Dans notre quête incessante d’équilibre, nous tombons souvent dans le piège de la réflexion. Nous pensons qu’en analysant nos échecs ou en sollicitant notre seule volonté, nous parviendrons à dompter nos tempêtes intérieures. Pourtant, la logique ne peut pas forcer l’harmonie. Le véritable chemin vers la sérénité commence par une écoute attentive de son corps.
Le malaise que nous ressentons aujourd’hui prend souvent racine dans une évaluation constante de nous-mêmes : « Est-ce que j’en fais assez ?« , « Suis-je à la hauteur ?« . Cette focalisation sur ce qui nous manque entretient une tension invisible. En visant une perfection idéale, nous créons un stress qui occulte ce que nous accomplissons déjà, simplement pour exister.
Il est essentiel de comprendre que notre corps privilégie toujours le concret à l’abstrait. L’émotion n’est pas une idée philosophique, elle est une réaction physique. Avant même que l’esprit n’analyse une situation, le corps a déjà réagi.
Nos comportements de fuite, de repli ou de stress ne sont pas des choix conscients, mais des réflexes de protection gravés par nos expériences passées.
Nous fonctionnons avec deux systèmes qui ne parlent pas toujours la même langue :
- Le cerveau reptilien : Il privilégie l’automatisme et la sécurité. Il réagit instantanément aux dangers.
- Le néocortex : C’est la partie qui pense et cherche du sens.
Face à la puissance du premier, notre raison possède très peu de pouvoir direct sur le déclenchement d’une émotion. En clair, la logique seule ne suffit pas à calmer une tempête intérieure déjà lancée.
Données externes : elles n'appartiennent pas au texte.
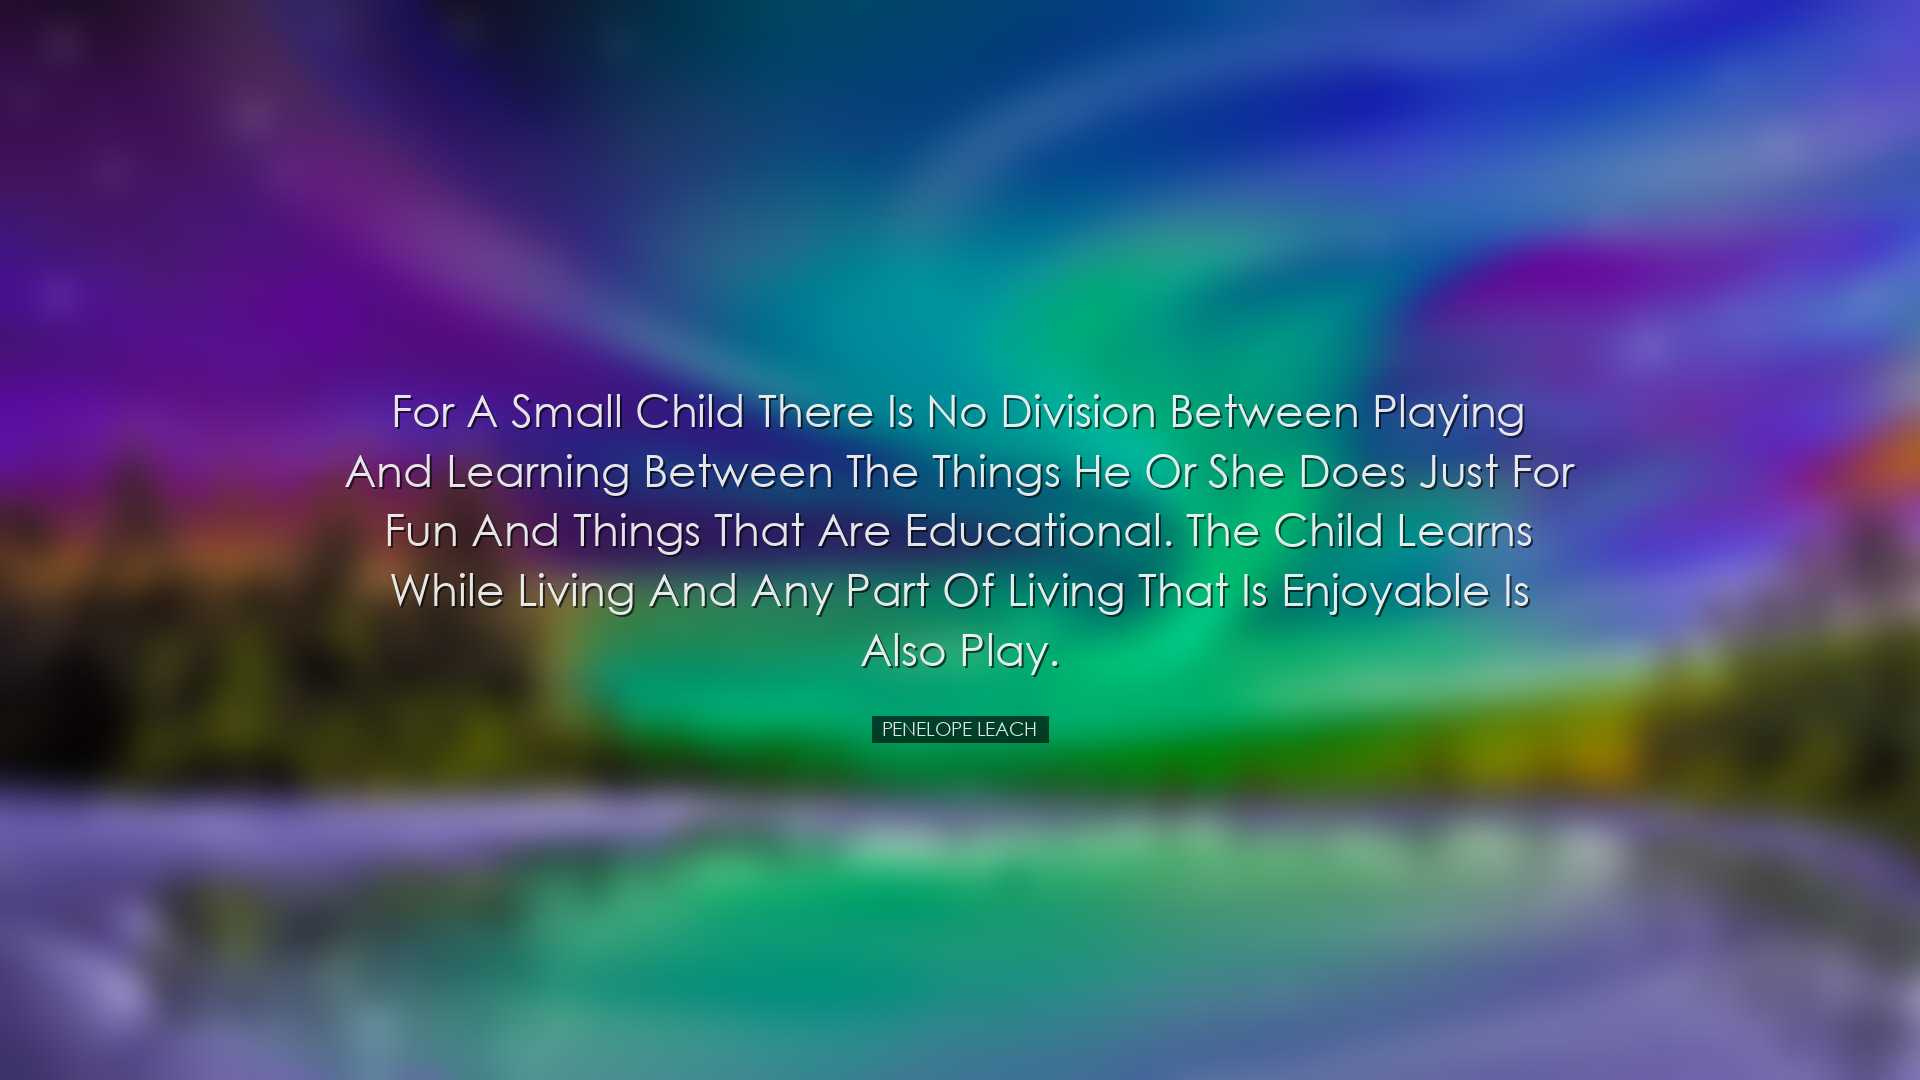 For a small child there is no division between playing and learnin
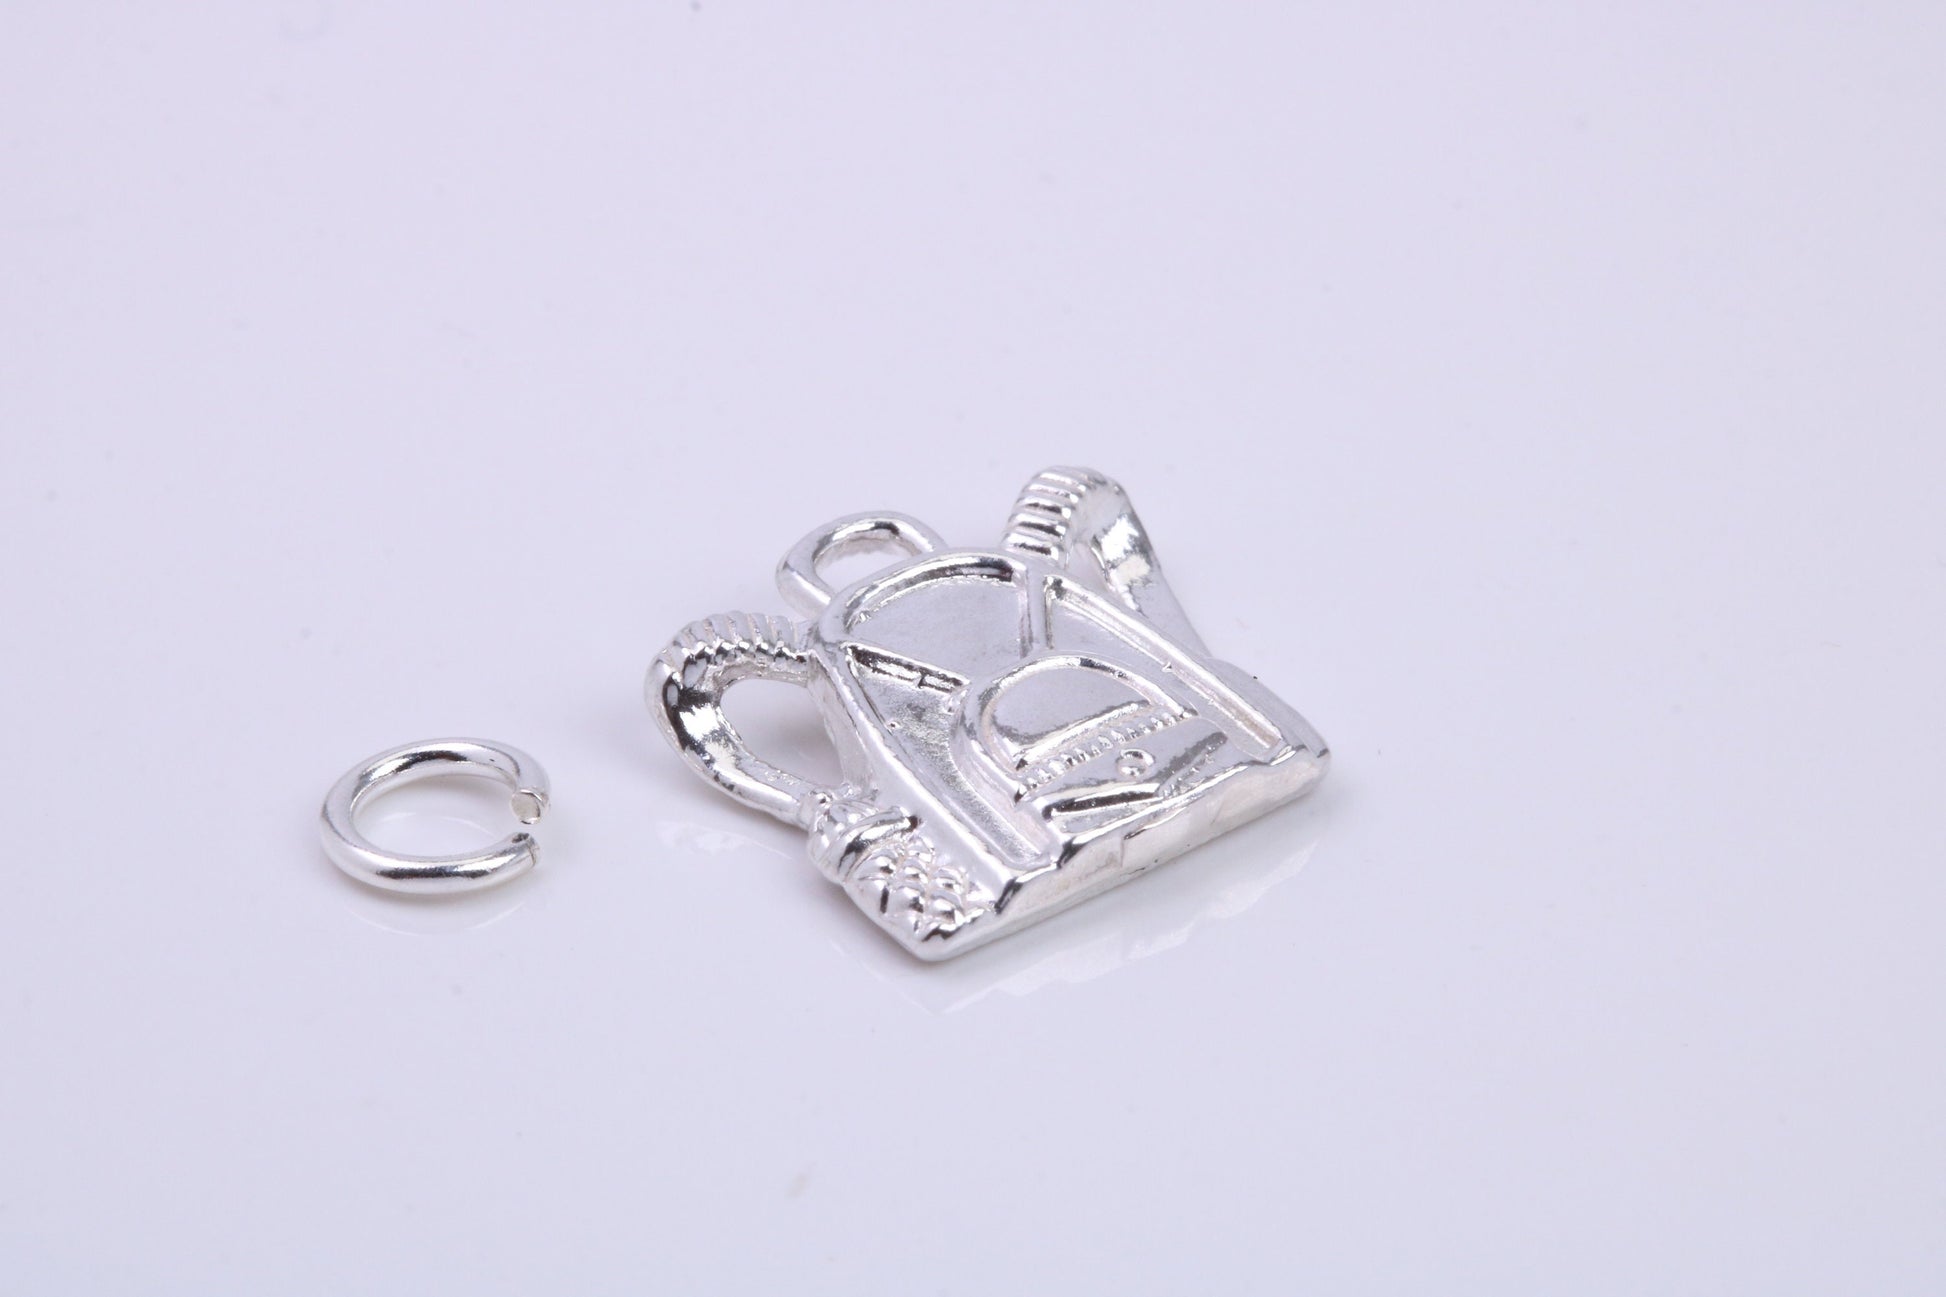 Back Pack Charm, Traditional Charm, Made from Solid 925 Grade Sterling Silver, Complete with Attachment Link

Cependant, le rôle de l’esprit reste important. S’il ne peut pas empêcher l’émotion de surgir, il a la capacité de l’entendre et de lui donner une place. L’émotion est une « mise en mouvement » qui répond au besoin de notre corps.
En acceptant cette dimension instinctive au lieu de lutter contre elle, nous ouvrons la porte à une existence plus fluide. C’est finalement à partir de cette acceptation physique que l’esprit peut enfin trouver sa juste place.